Cinéma

Le Palace projette la version restaurée de ce classique du 7e art qui force le spectateur à devenir créateur.

Passionné de comics américains, Alain Resnais (1922-2014) se voit d’abord acteur, fréquente un peu le cours Simon, bifurque vers l’IDHEC, la toute nouvelle école de cinéma où il se passionne pour le montage. Dès 1948, il réalise une série de films sur l’art, dont l’approche rompt avec la tradition académique.

C’est avec Nuit et Brouillard (55), un documentaire sur l’horreur des camps nazis, qu’il se fait connaître. Soit un texte off, presque journalistique, décrivant ce qu’on voit à l’écran : barbelés, miradors, baraquements, latrines, chambres à gaz, crématoires. L’exposé est bref, mécanique, lu sans effet par Michel Bouquet, ce qui rend le document d’autant plus implacable, incontestable. Retenu par le Festival de Cannes en 56, ce devoir de mémoire sera déprogrammé sous la pression allemande.
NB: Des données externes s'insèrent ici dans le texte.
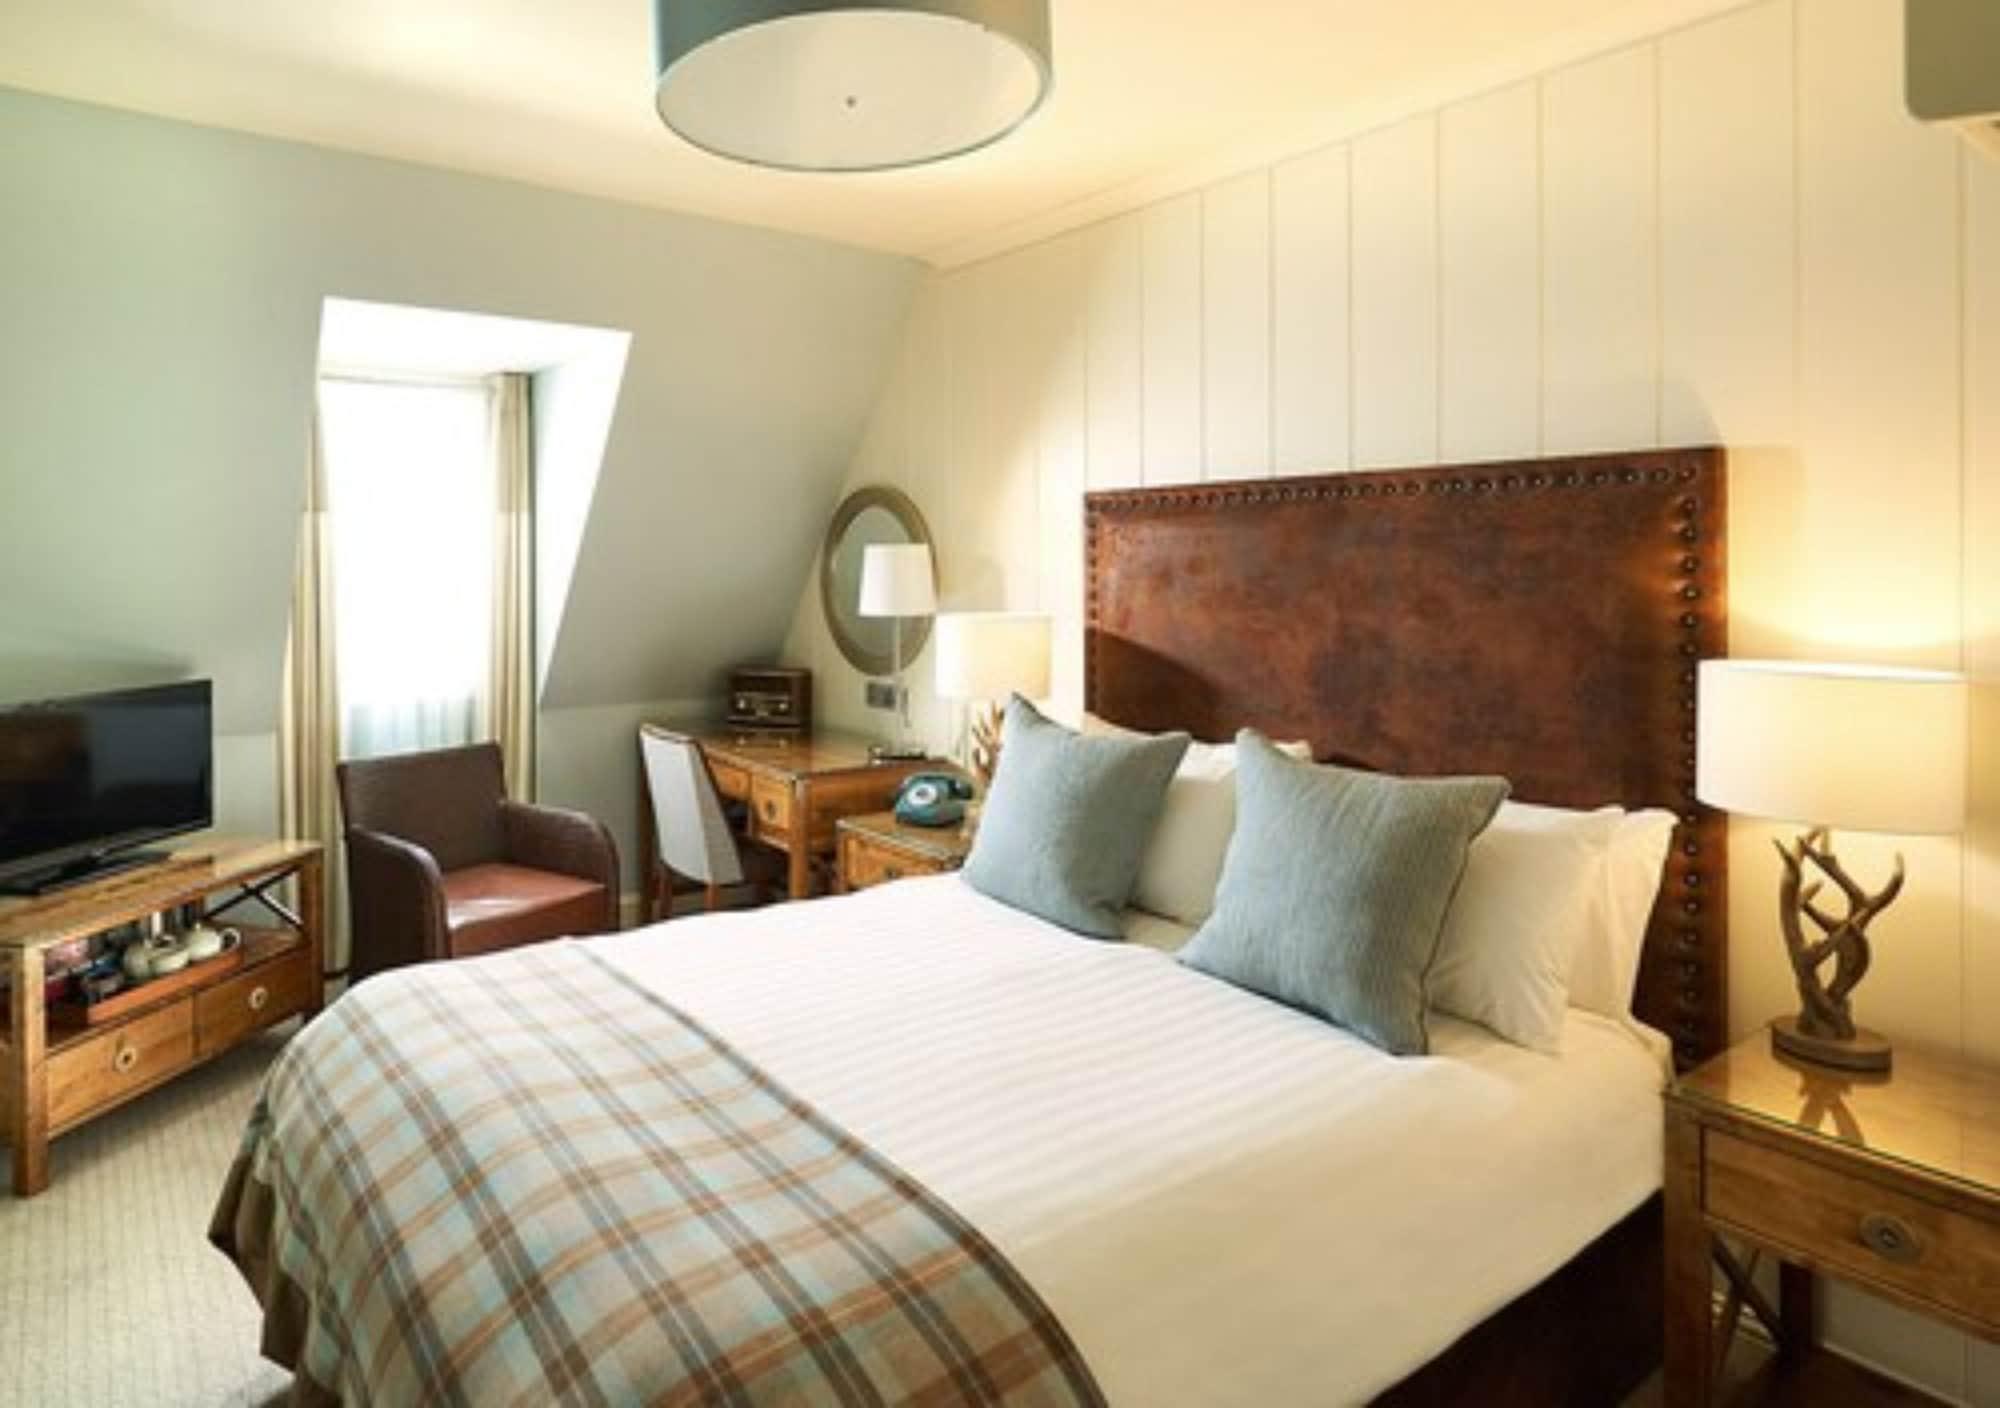 Loch Fyne Hotel & Spa Inveraray Esterno foto

Son premier long métrage, Hiroshima mon amour (59) soulèvera aussi une violente polémique sur la Croisette pour son rapport entre les images et les mots. Pourtant Resnais ne se voit pas comme un auteur. Bien que contemporain de la Nouvelle Vague, il n’y sera jamais associé alors que ses films sont autrement plus créatifs et innovateurs que ceux des cinéastes du mouvement. Resnais refuse la notion d’auteur car il se considère comme un metteur en scène, celui qui imagine une forme cinématographique unique et idéale pour mettre des images sur des mots.

Dans Hiroshima mon amour, ces mots sont ceux de Marguerite Duras et, précisément, ils rendent compte de leur incapacité à exprimer l’horreur atomique.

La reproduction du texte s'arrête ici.